The equivalent offer in options might involve 5000 shares (10 times as many), also vesting 1000/year, with a 10 year exercise window. Here's where things get interesting though. The value of the option is *zero* unless the stock improves in value. You might say that this provides an incentive to increase the value, but that valuation is why you get more options than RSUs, thus really providing an larger reward for a smaller increase in relative stock value. So mediocre improvements result in artificially large rewards. Looking again just at the first year of vested options, you get 1000 options after one year. If the stock value stays the same, you have no value at all. But if, as in our example, it increased from $50 to $60, you "earn" the difference by exercising the share. That's $10 x 1000 = $10,000. That's a greater gain than the $6000 you gained with the RSUs.
When you add in the fact that the options can be exercised at any point in time, what it does is create a potential for large monetary gains based on what are really just normal market fluctuations. The CEO need do nothing special to improve the company and can count on at least some days in the future when the stock value will be higher than his purchase price, and gain a large reward. Obviously, if he does a great job and the company stock soars, he'll also make more under the options system. But the point is which system rewards mediocrity, and options have more potential for that.

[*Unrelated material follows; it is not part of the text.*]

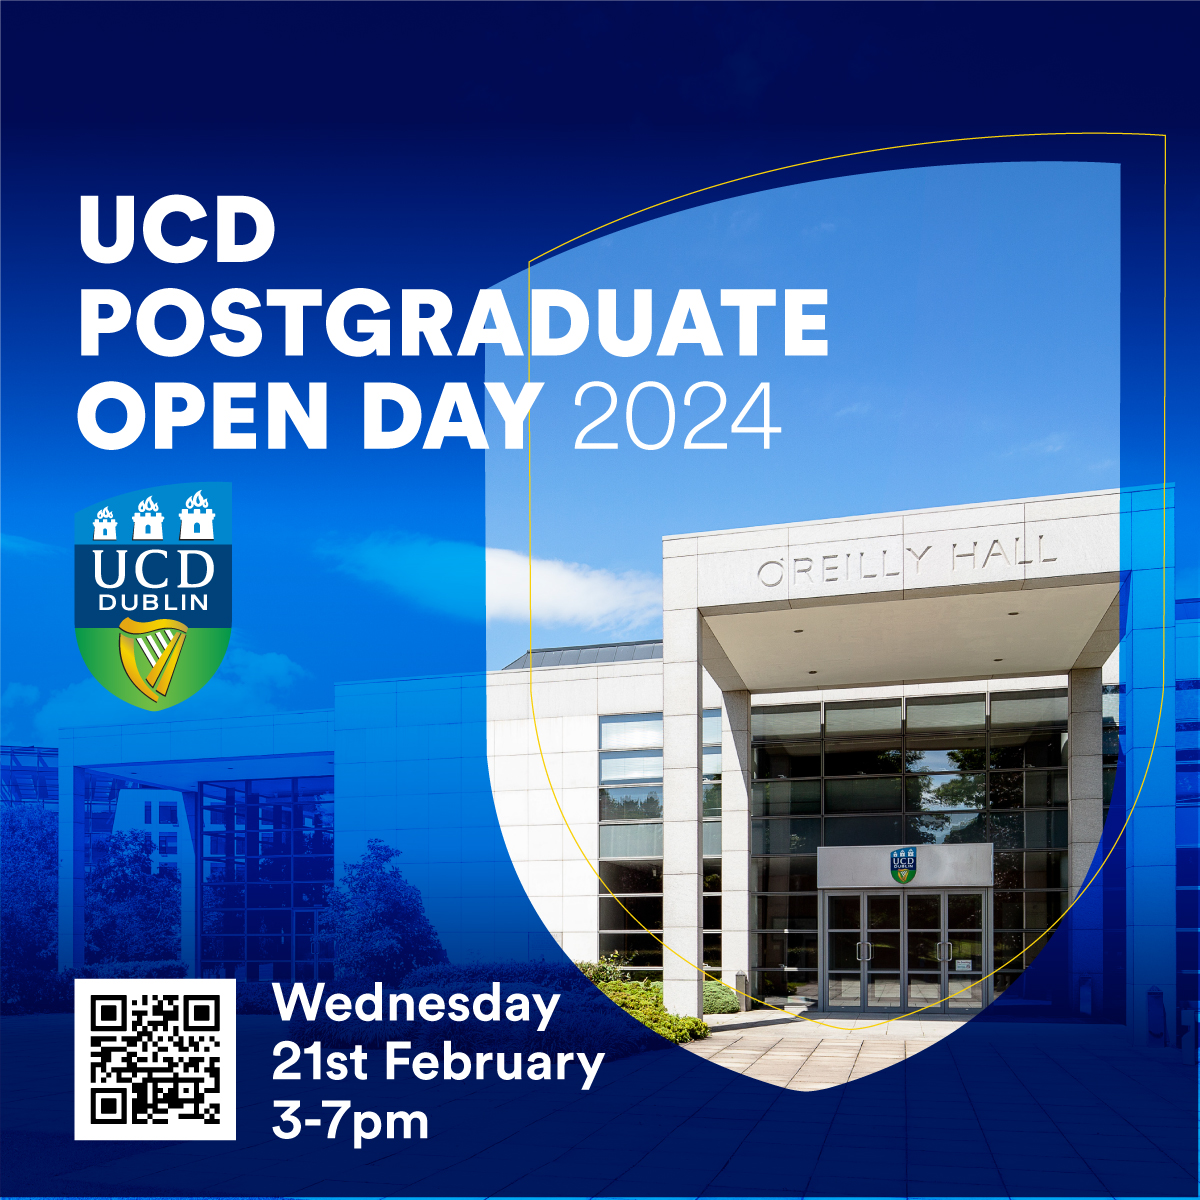 Join us at the UCD Postgraduate Open Day 21st Feb 3 - 7pm. Speak with our team to find out about our 50+ taught graduate nursing, midwifery and health systems courses. 📍O'Reilly Hall 🌐 Register bit.ly/48iM627

Put another way, options artificially inflate the relative profit (to the recipient) gained from relatively small increases in stock value, while RSUs start at a given dollar value of compensation and adjust in direct proportion to the increase in stock value. RSUs allow the company to more accurately predict the relative value of the compensation itself, and avoid wild swings of massive profits or nothing at all. This again encourages steady growth for the company rather than "playing the market". Which, I'm hoping we all agree, is a good thing.
That was still probably a longer explanation than most people are going to read. There are reasons most companies are shifting from options to RSUs, and the potential for excessive profit taking out of proportion to actual long term company growth is one of the main ones.